At least he's using it well, following the Cher model, where you slightly and subtly androiderise your all-too meaty voice so that it sits better among the unyielding electronica. It's a bit like having a USB port soldered into your neck. Slightly painful, but a useful way to get two different operating systems to interface effectively*.

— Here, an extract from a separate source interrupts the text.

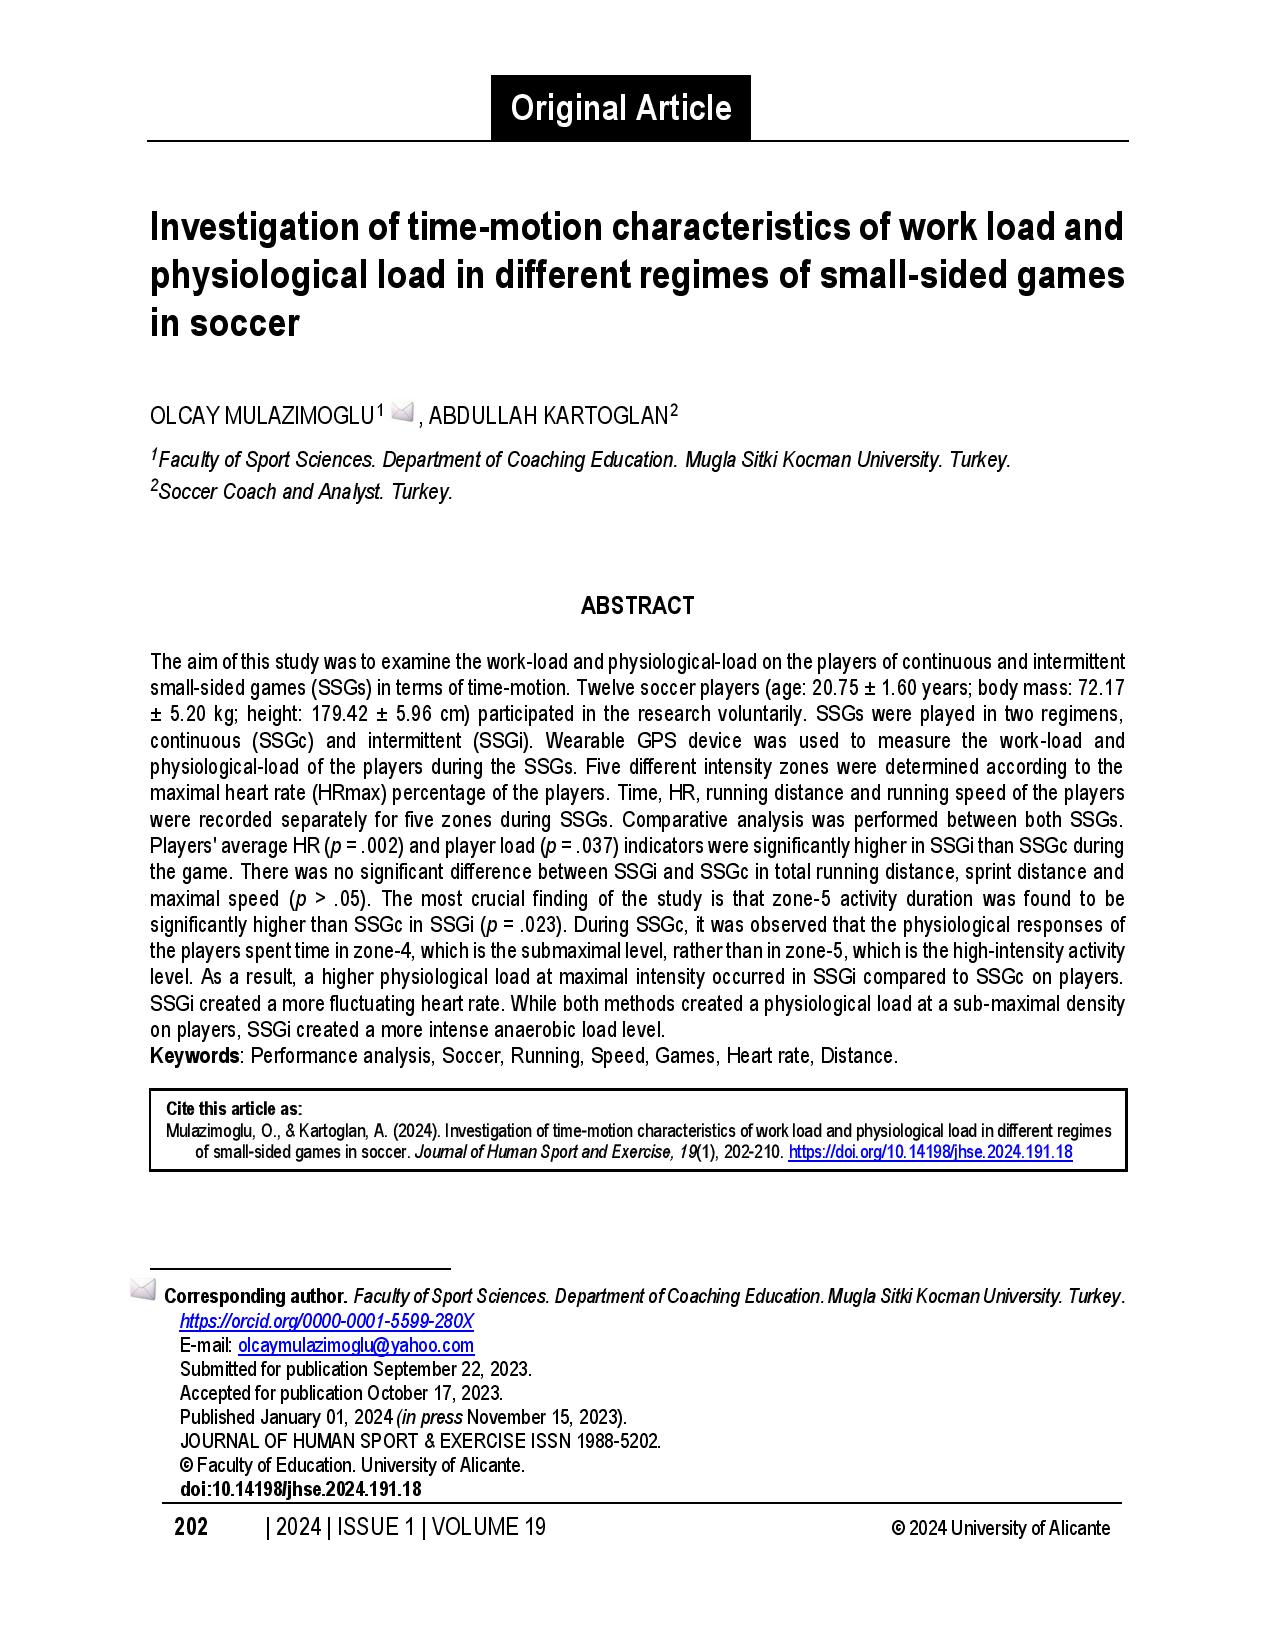 Investigation of time-motion characteristics of work load and physiological load in different regimes of small-sided games in soccer
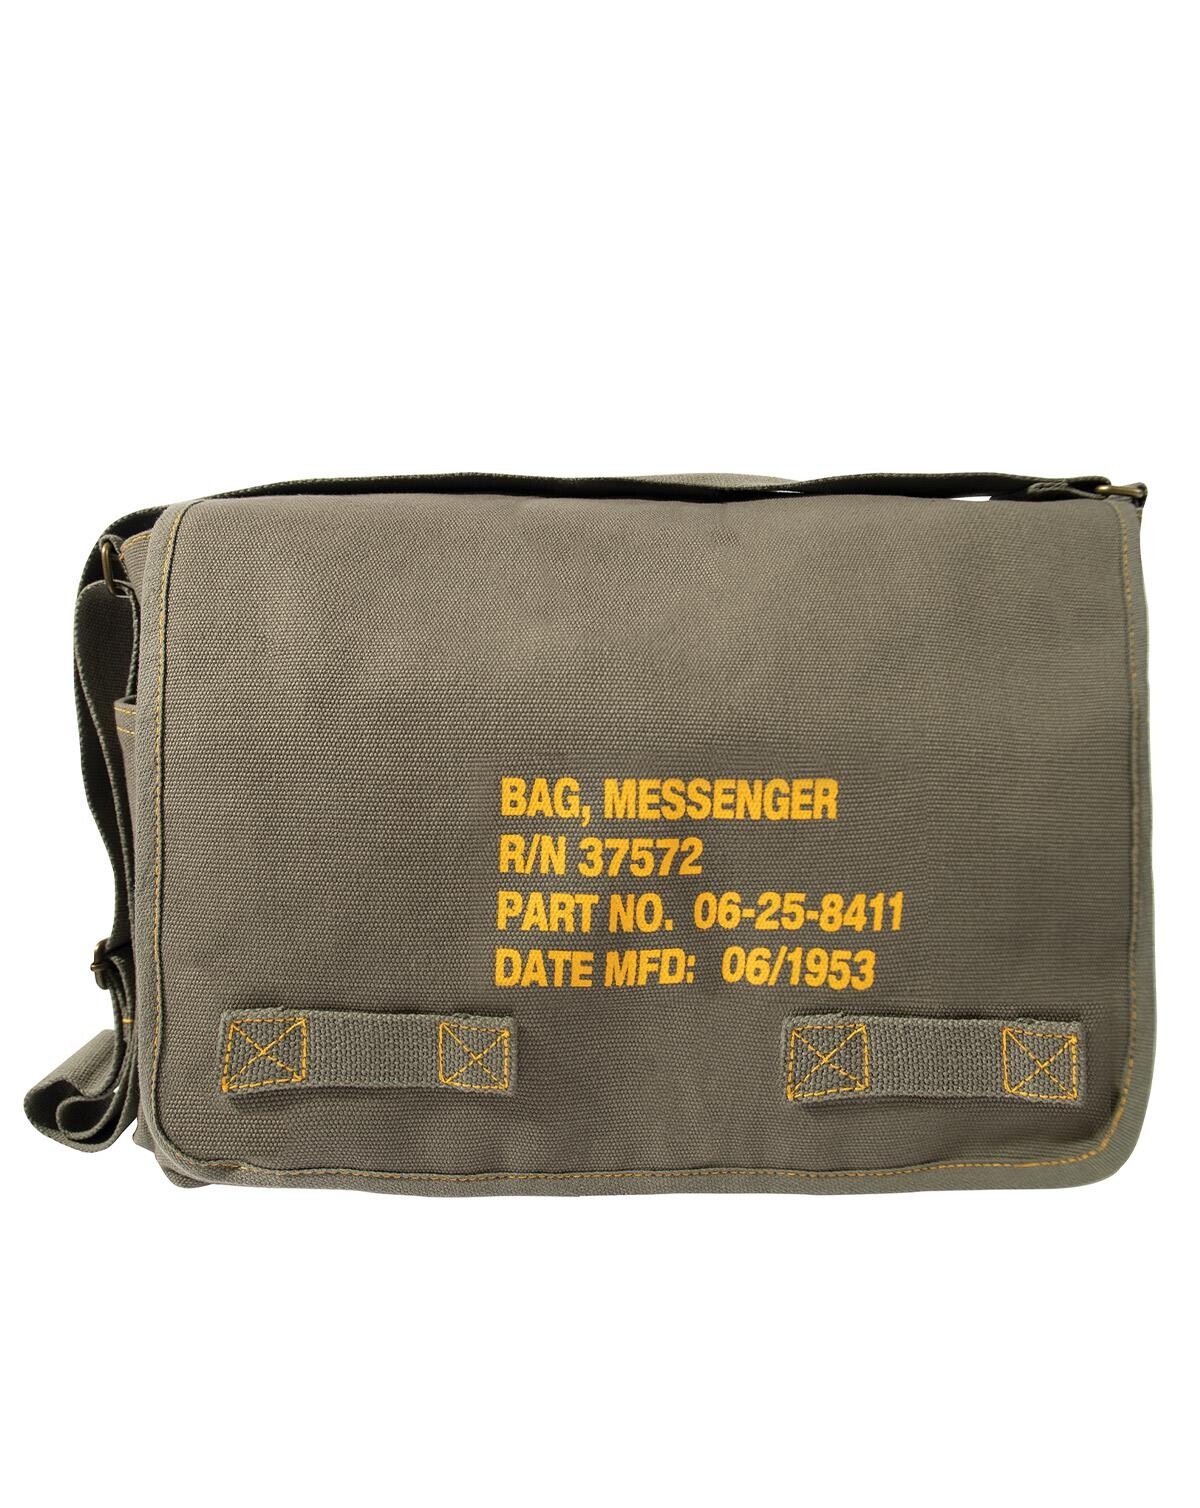 #3 - Rothco Heavyweight Canvas Classic Messenger Bag With Military Stencil (Oliven, One Size)

The other model is to use it as a kind of robo-polyfilla, where all vocal cracks are given a smooth metallic outer coating because the voice inside would simply collapse without it. If asked, all singers and producers will claim that this model does not actually exist, and that they are all dabbling with this hot new production technique for genuine artistic reasons. And because everyone else is. The song was awarded a 4 star.

==Music video==

The music video for The Way Love Goes was shot by LUT! MED!A director Rage on December 11, 2009, and premiered online on The Sun Website on January 14, 2010.

==Track listing==

- UK CD Single
1. The Way Love Goes - 3:32
2. You Got Me - 3:03

==Remixes==

- The Way Love Goes (Full Phatt Remix) (featuring Mz Bratt)
- The Way Love Goes (Cahill Club Dub)
- The Way Love Goes (Cahill Radio Edit)

==Chart performance==

"The Way Love Goes" entered the UK Singles Chart on 21 February 2010 and peaked at number 8. This made it his first Top 10 single since "It's Not That Easy" in 2006 and his seventh Top 10 single, with the song spending four weeks in the top 40 overall. The single was also a top ten hit on the Scottish Singles Chart, peaking at number 10. As of 2021, it remains his last UK Top 40 hit.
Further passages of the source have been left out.